Kutsal Kitap’ın ilkelerine göre yaşayın ve Tanrı Sözü’nün sizi değiştirmesine izin verin. Bağışlama üzerine öğretilerini uygulayın. Tanrı Sözü’nün bozulmuş bir ilişkiyi nasıl onarabileceğini görün. Öğretilerini inancınıza uygulayın ve sıkıntılı bir dönemde esenlik veren Tanrı’yı hissedin. Kutsal Kitap her zaman işlemeye devam eder.

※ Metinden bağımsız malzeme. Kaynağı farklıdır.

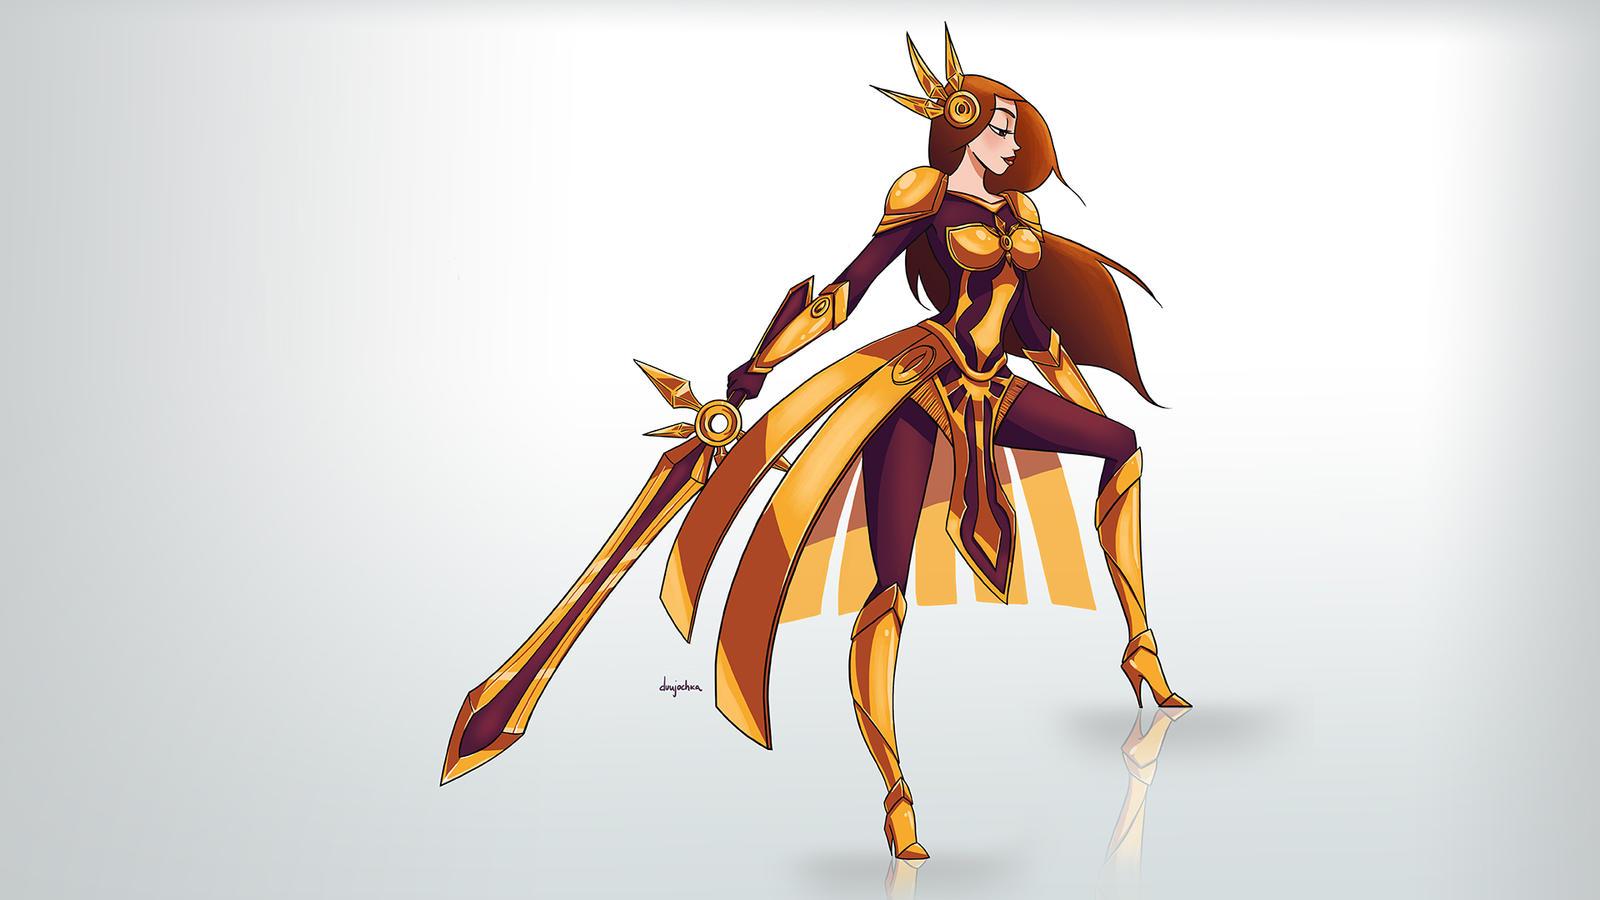 League Of Legends Leona Hot | www.pixshark.com - Images ...

Dünyanın dört bir yanındaki imanlıların, Tanrı’nın yaşam veren gerçeğini duyurmak için hayatlarını tehlikeye atmasının nedeni budur. Gururuna teslim olanlar Tanrı Sözü’nü reddediyor. Kişisel inançlarına bağlı kalmak isteyenler, dürüstçe araştırmayı kabul etmiyor.
Kutsal Kitap’ın gerçek olduğunu kabul etmek, Tanrı’ya ve Sözü’ne karşı sorumlulukları düşünmeyi gerektirir. Kutsal Kitap’ın gerçek olduğunu kabul etmek, yaşam şeklini değiştirmeyi gerektirir. Erwin Lutzer şöyle der: ‘‘Gerçek şu ki, özellikle dini konularda çok az insan açık fikirlidir. Bundan dolayı sapkın doktrinler ve önyargılar nesiller boyu varlığını sürdürür.’’
Her yıl milyonlarca insan, Kutsal Kitap’ın gerçek olmadığını iddia ederek yaşamını kaybediyor. Herkesi Kutsal Kitap’ı açık fikirlilikle okumaya davet ediyoruz. Öyle ki, Tanrı Sözü’nün gerçek olduğunu anlayabilesiniz (Yu. 17:17).